I honestly don't care who may be nearer to right or nearer to wrong in this Fox / Cablevision thing.  Though it is nice to see the chairman of the FCC is a bit ticked by the whole thing through the lens of it's affect on people who'd like to get access to the stuff they're paying for and all.

I will simply put here again what I wrote a couple years ago and then brought back again about a month ago the last time a provider of content and a provider of all the stuff that delivers content were haggling over the stuff they always haggle over…

"New distribution of programming doesn’t run so well under old monetization systems. In the process of improving the infrastructure of media delivery, access providers and media companies did a short-sighted job of determining the value of the shifts in media usage that they caused by improving the infrastructure. They never developed a model that appropriately valued media usage that is more driven by people’s

schedules of desired use via two way cables than their schedules of distribution through one way cables.

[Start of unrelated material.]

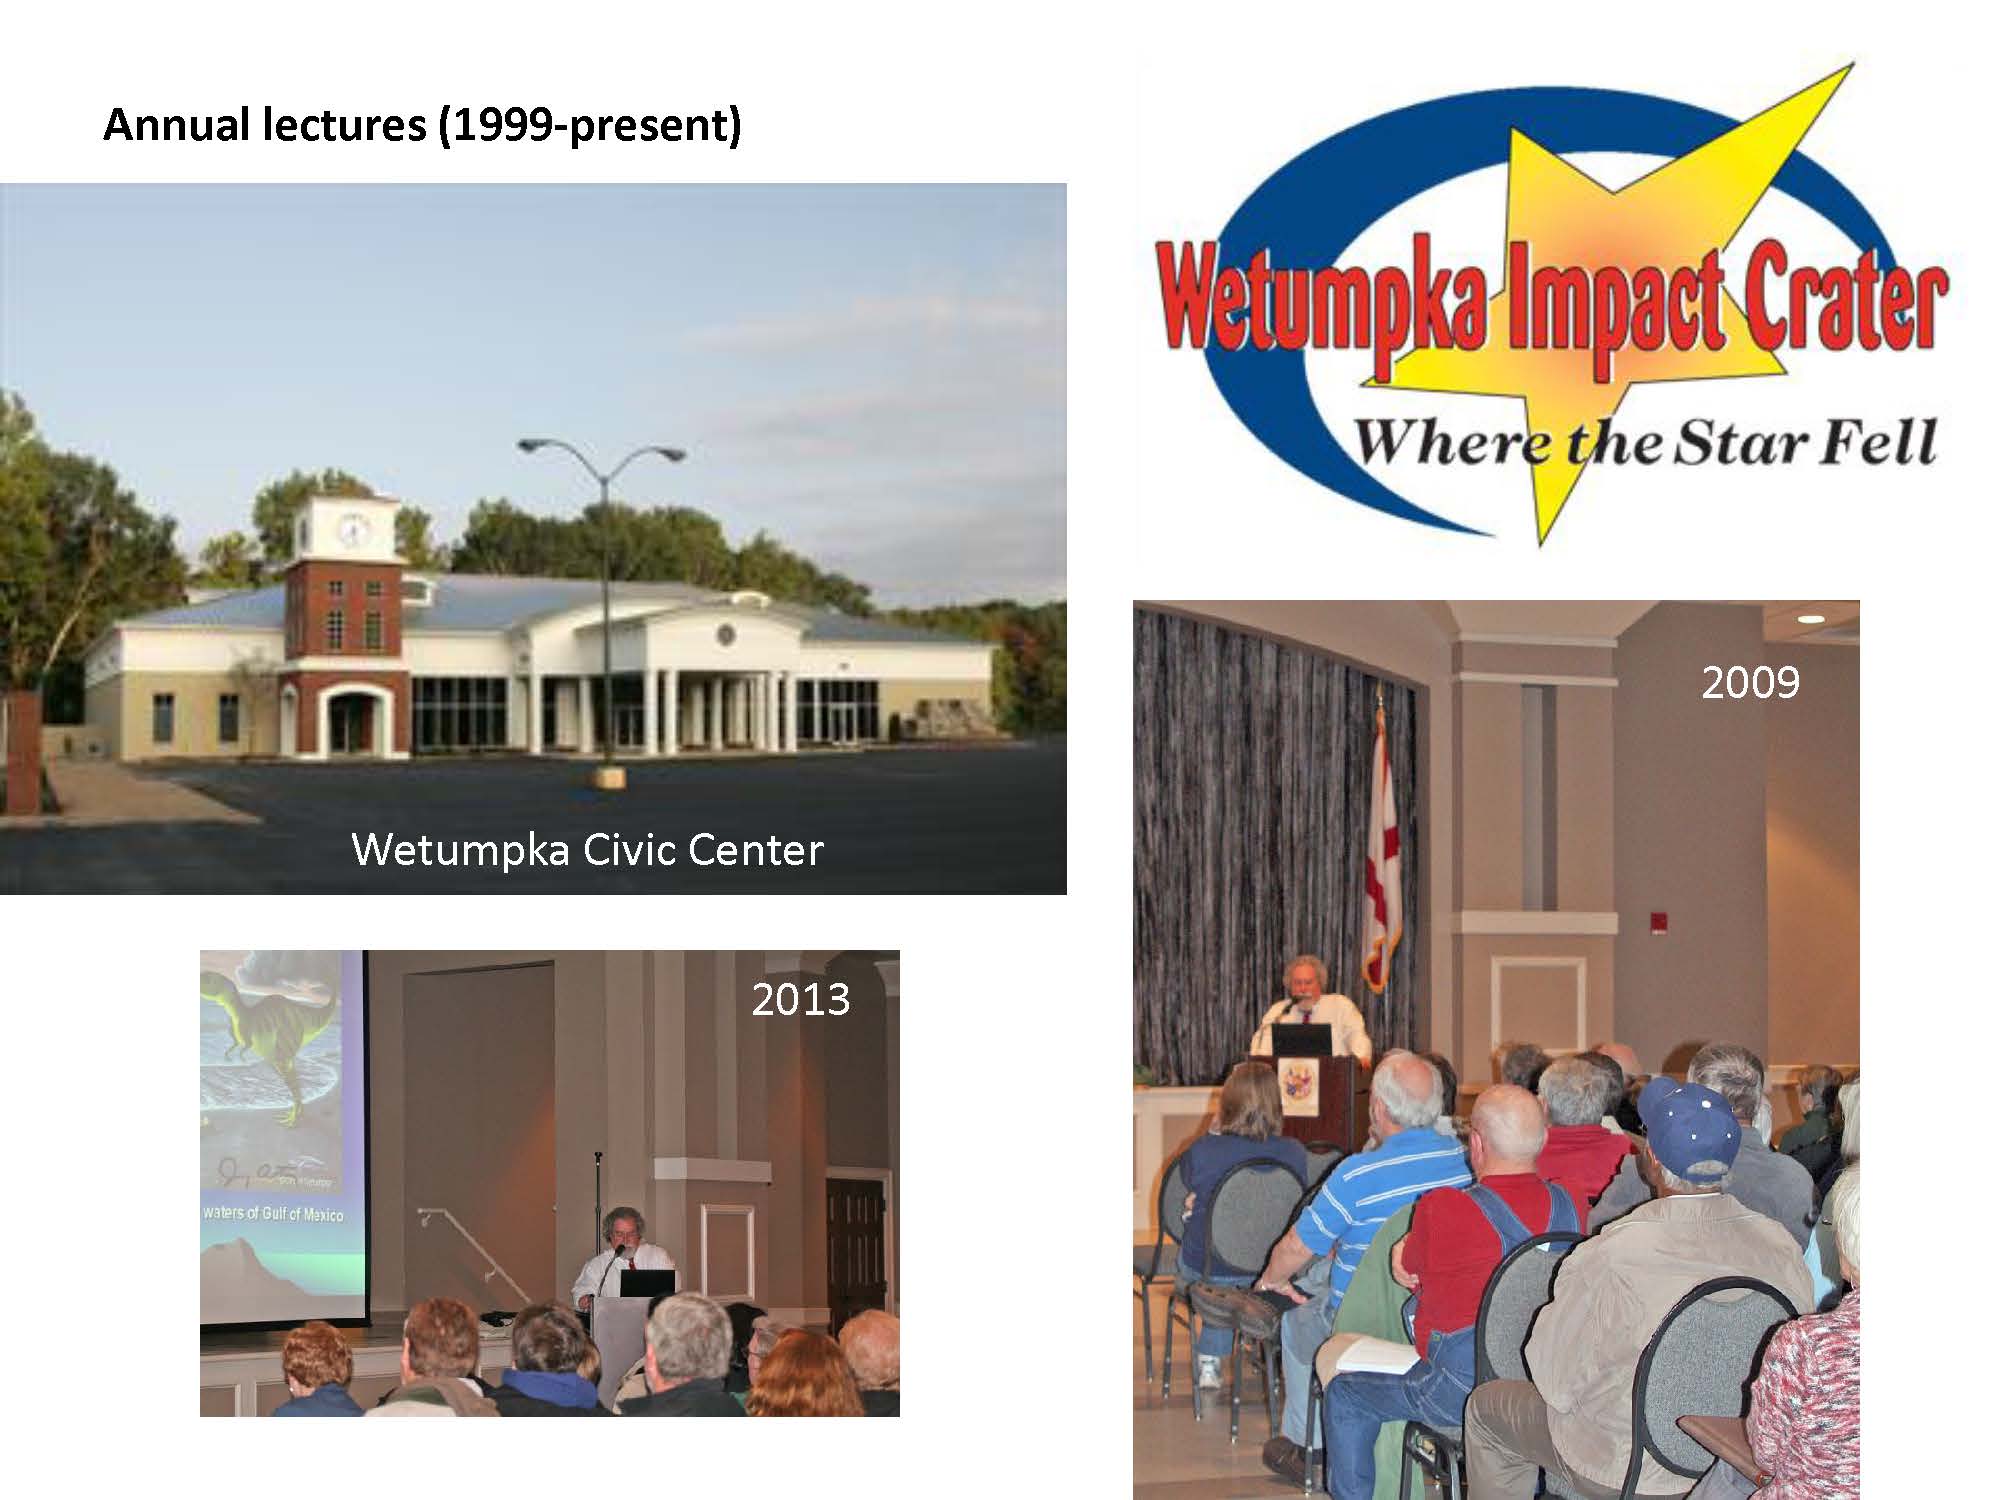 Wetumpka Civic Center and images from the annual lectures

So they are left to squabble over which antiquated levers and buttons they can pull and push to make a buck, ultimately, at the expense – in terms of money and, perhaps more importantly, time and convenience – of their most valuable assets: people who pay for access and are fans of programming (not pipes).

Kinda makes all the talk of “if the content is good, people will come” irrelevant, really. If the content is good and people come and no one makes sufficient money to produce more good content it really doesn’t matter."